A surprise attack from an unlikely source sent oil prices reeling this past week.
The International Energy Agency, the Paris based research arm of 28 industrialised countries, held an emergency press conference to announce that its members would release 60 million barrels onto the market — allocating two million barrels a day for a month. Half of the total will be coming from the US Strategic Petroleum Reserve.
It is only the third time the IEA tapped reserves; the first was in 1991 during the Gulf War, then again in 2005 when Hurricane Katrina wiped out some production in the Gulf of Mexico.
This move triggered memories of G-7 currency interventions in the mid-1980s, the fabled Plaza and Louvre accords, when collective action by central banks was taken to either raise or lower the US dollar.
Some market purists were crying foul since governments decided to play an active role to sway prices. But the energy market, with members of the OPEC cartel controlling about 40 percent of production, certainly is not what one would call a free market.
The IEA's emergency move can be linked back to the OPEC meeting in Vienna earlier this month. The 12 members left without agreeing to raise their production quota of 24.84 million barrels a day. In sum, the price hawks — led by Iran and Venezuela — did not agree with OPEC's swing producer Saudi Arabia, along with the UAE and Kuwait, on the need to raise production.

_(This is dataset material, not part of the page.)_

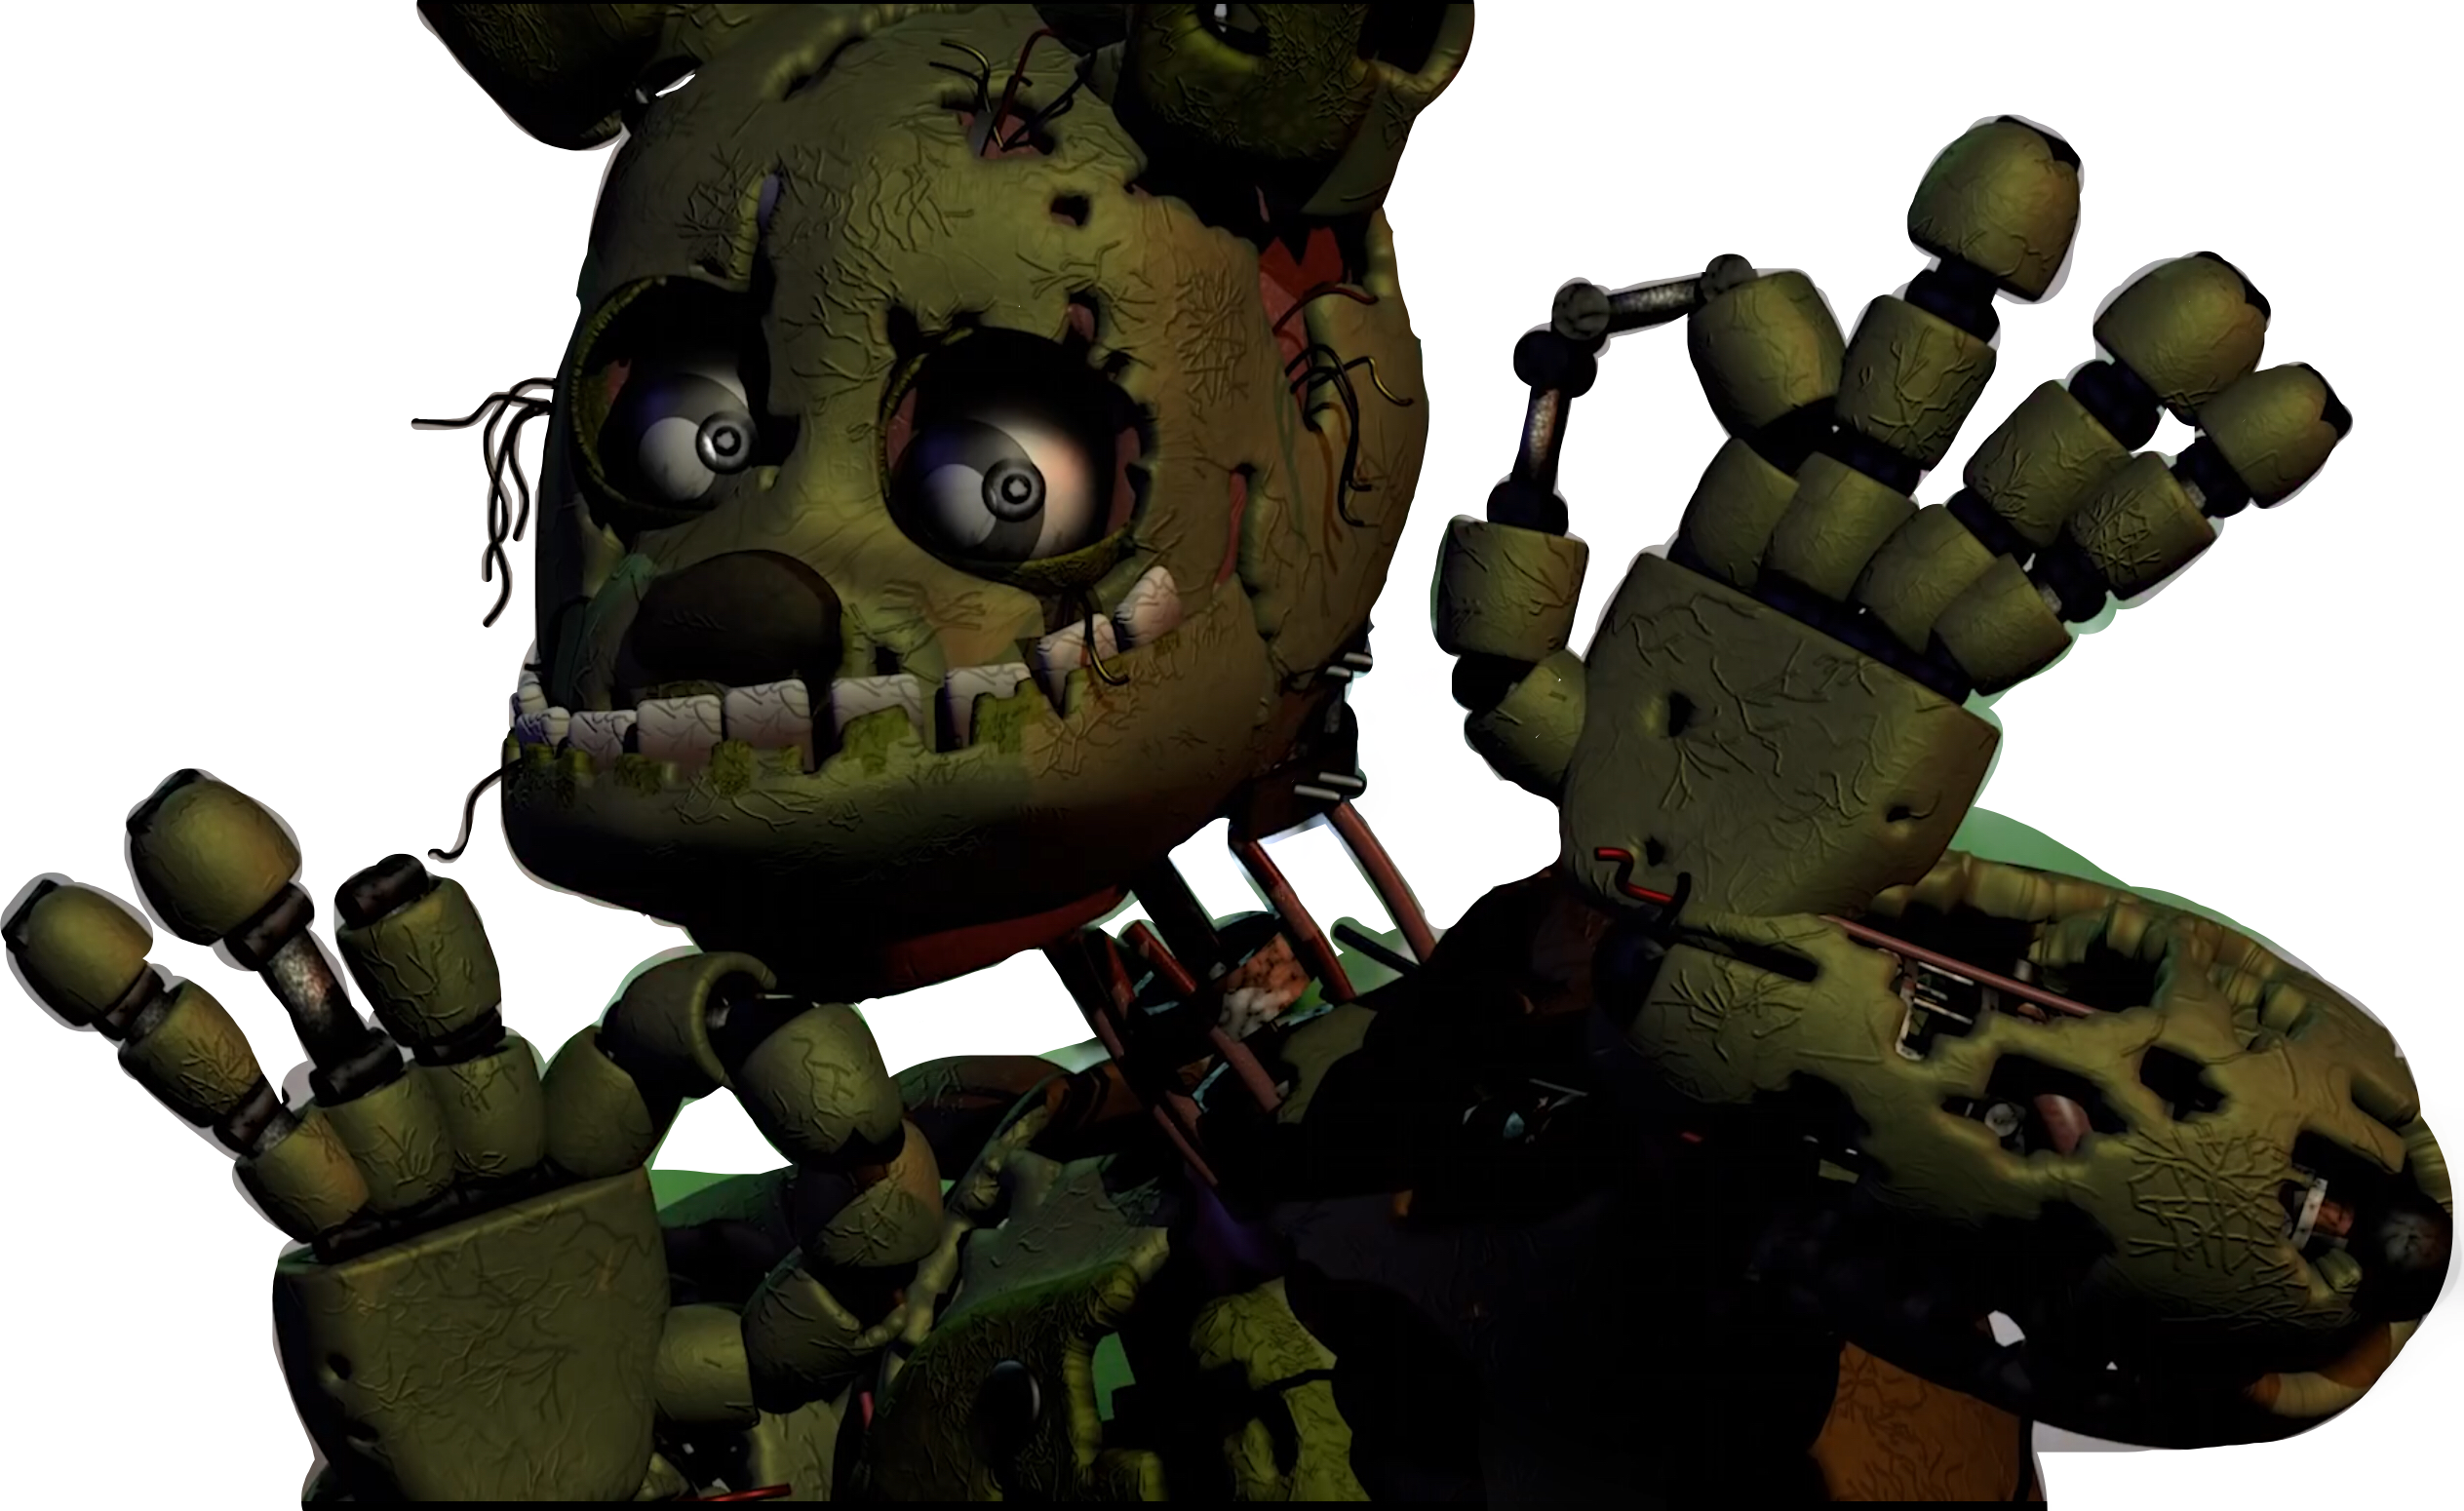 This visual is about fivenightsatfreddys springtrap fnaf3 fnaf freetoedit #...

On the eve of that OPEC gathering, the IEA said that oil above $100 a barrel would undermine growth in the second half of this year. Last week, at the St. Petersburg International Economic Forum, I asked the IEA's Executive Director Nobuo Tanaka whether that strategy of leaning on OPEC backfired. He said the organization was willing to do its part if others could not raise production; now we know what he was referring to.
While this joint strike attack brought prices down about four dollars a barrel, it will be up to those who hold the spare capacity to continue a downward trend in prices. The IEA says OPEC members have just over four million barrels of extra production they could bring to market — three-fourths of that in Saudi Arabia with the balance shared by the UAE and Kuwait.
Saudi Arabia, through a leak to the Middle East newspaper Al Hayat last week, said it would add another million barrels of production in July — ignoring OPEC's call to leave production where it is.
This is a clever and no doubt coordinated one-two punch from the IEA and US ally Saudi Arabia — but it may not be a knock punch against those wanting to keep oil above the century mark.